Minimap2 parameters:
  -A A                  Matching score. Default = 3
  -B B                  Mismatching penalty. Default = 4
  -O O O                Gap open penalty. Default = [12, 32]
  -E E E                Gap extension penalty. A gap of length k costs
                        min(O1+k*E1, O2+k*E2). Default = [2, 1]
  -k K                  K-mer length for alignment. Default=3
  --scoreN SCOREN       Score of a mismatch involving ambiguous bases.
                        Default=1
  -w W                  Minimizer window size. Default=2
  -m M                  Discard chains with chaining score.
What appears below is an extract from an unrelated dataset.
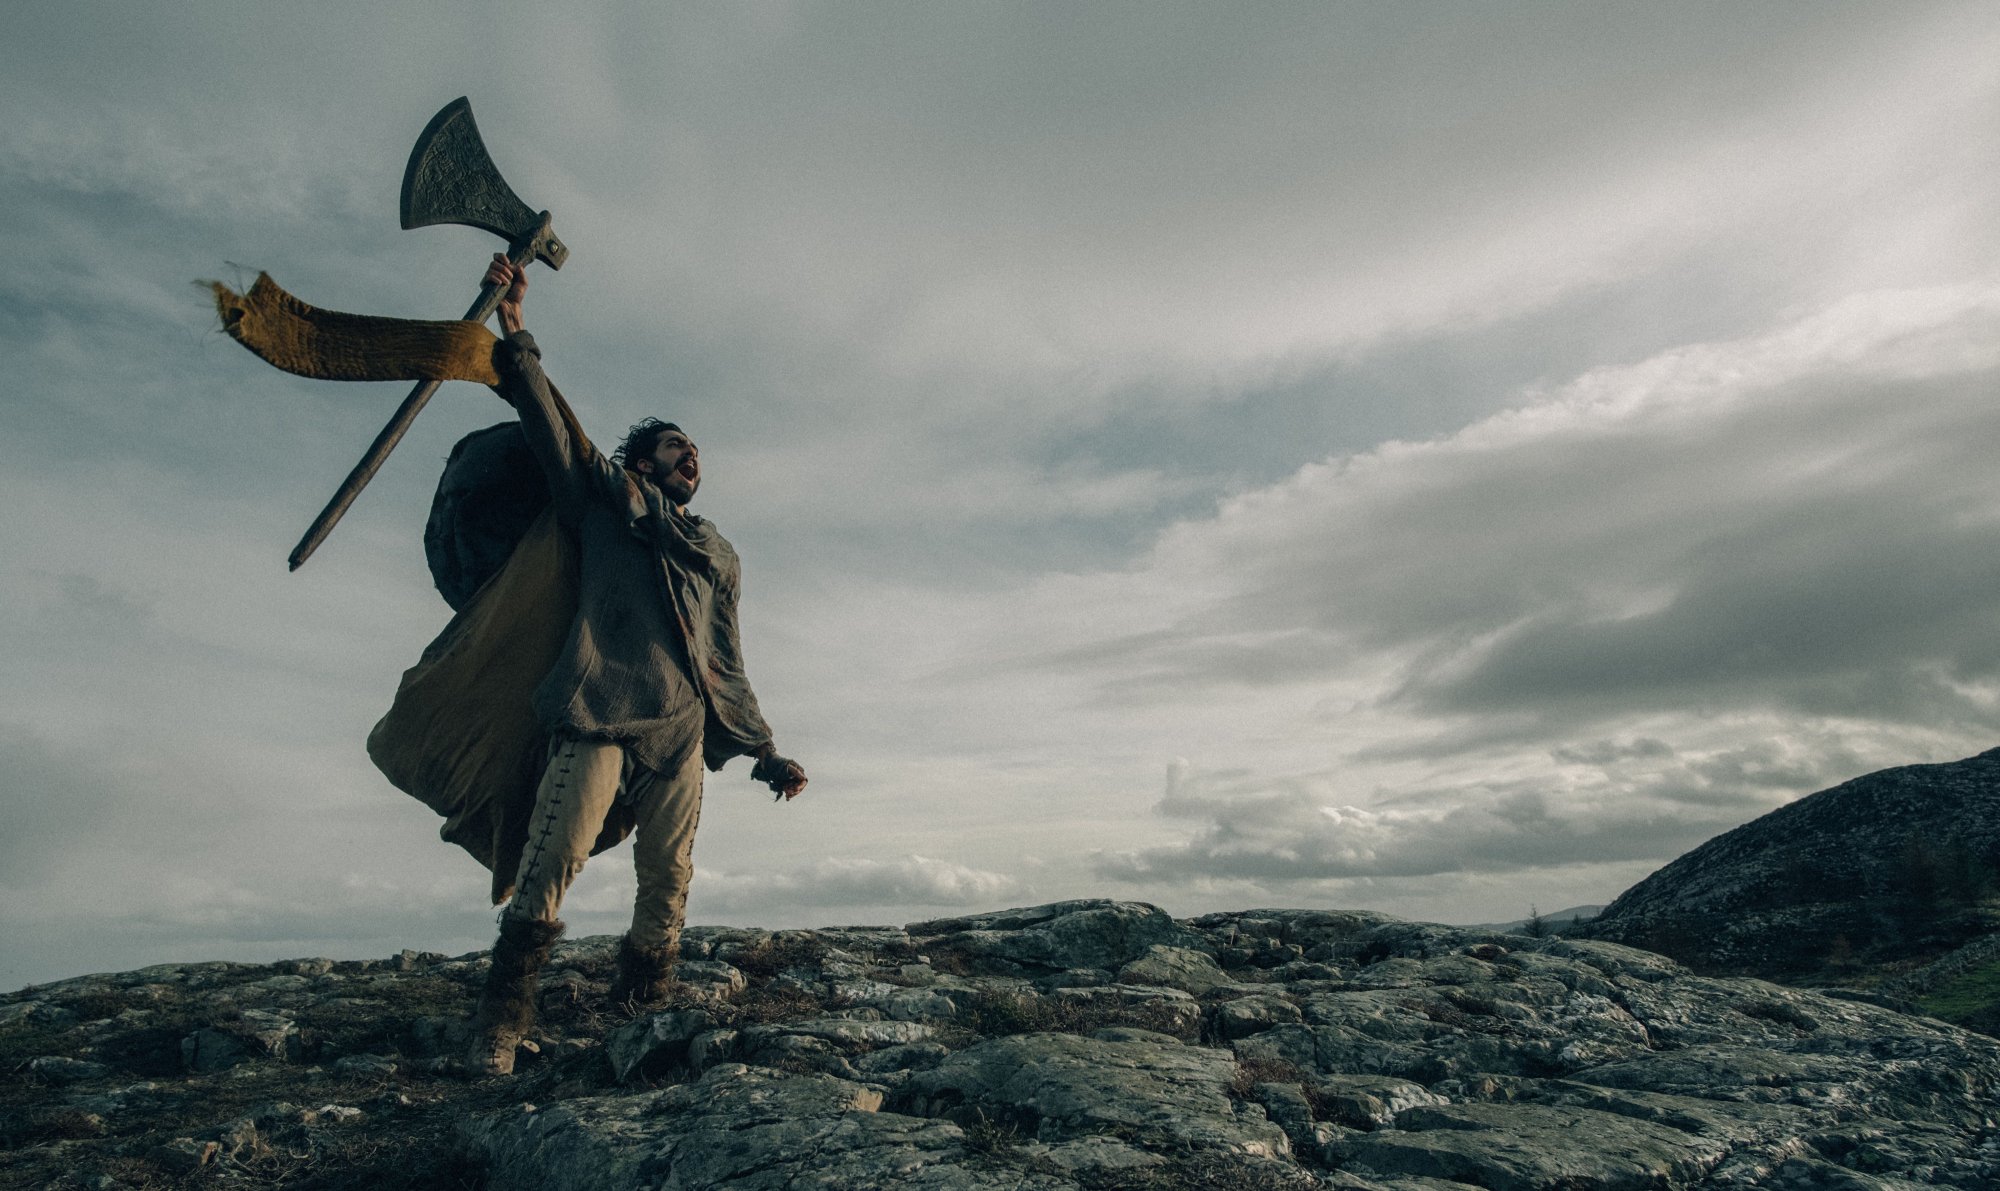 'The Green Knight' Dev Patel as Gawain holding up an axe shouting at the sky

Default=25.

Output:
  --out_original_junctions OUT
                        Write original junctions to the OUT file or directory
  --out_removed_junctions OUT
                        Write removed junctions to OUT file or directory; the
                        default output is to terminal
  --out_filtered_bam OUT
                        Write filtered bams to OUT file or directory
  --filtered_bam_suffix STR
                        Suffix added to the name of the output BAM files.
                        Default='_EASTR_filtered'

Citation

To cite EASTR in publications, please use the following reference:

Shinder I, Hu R, Ji HJ, Chao KH, Pertea M. EASTR: Identifying and eliminating systematic alignment errors in multi-exon genes. Nat Commun. 2023 Nov 9;14(1):7223. doi: 10.1038/s41467-023-43017-4. PMID: 37940654; PMCID: PMC10632439.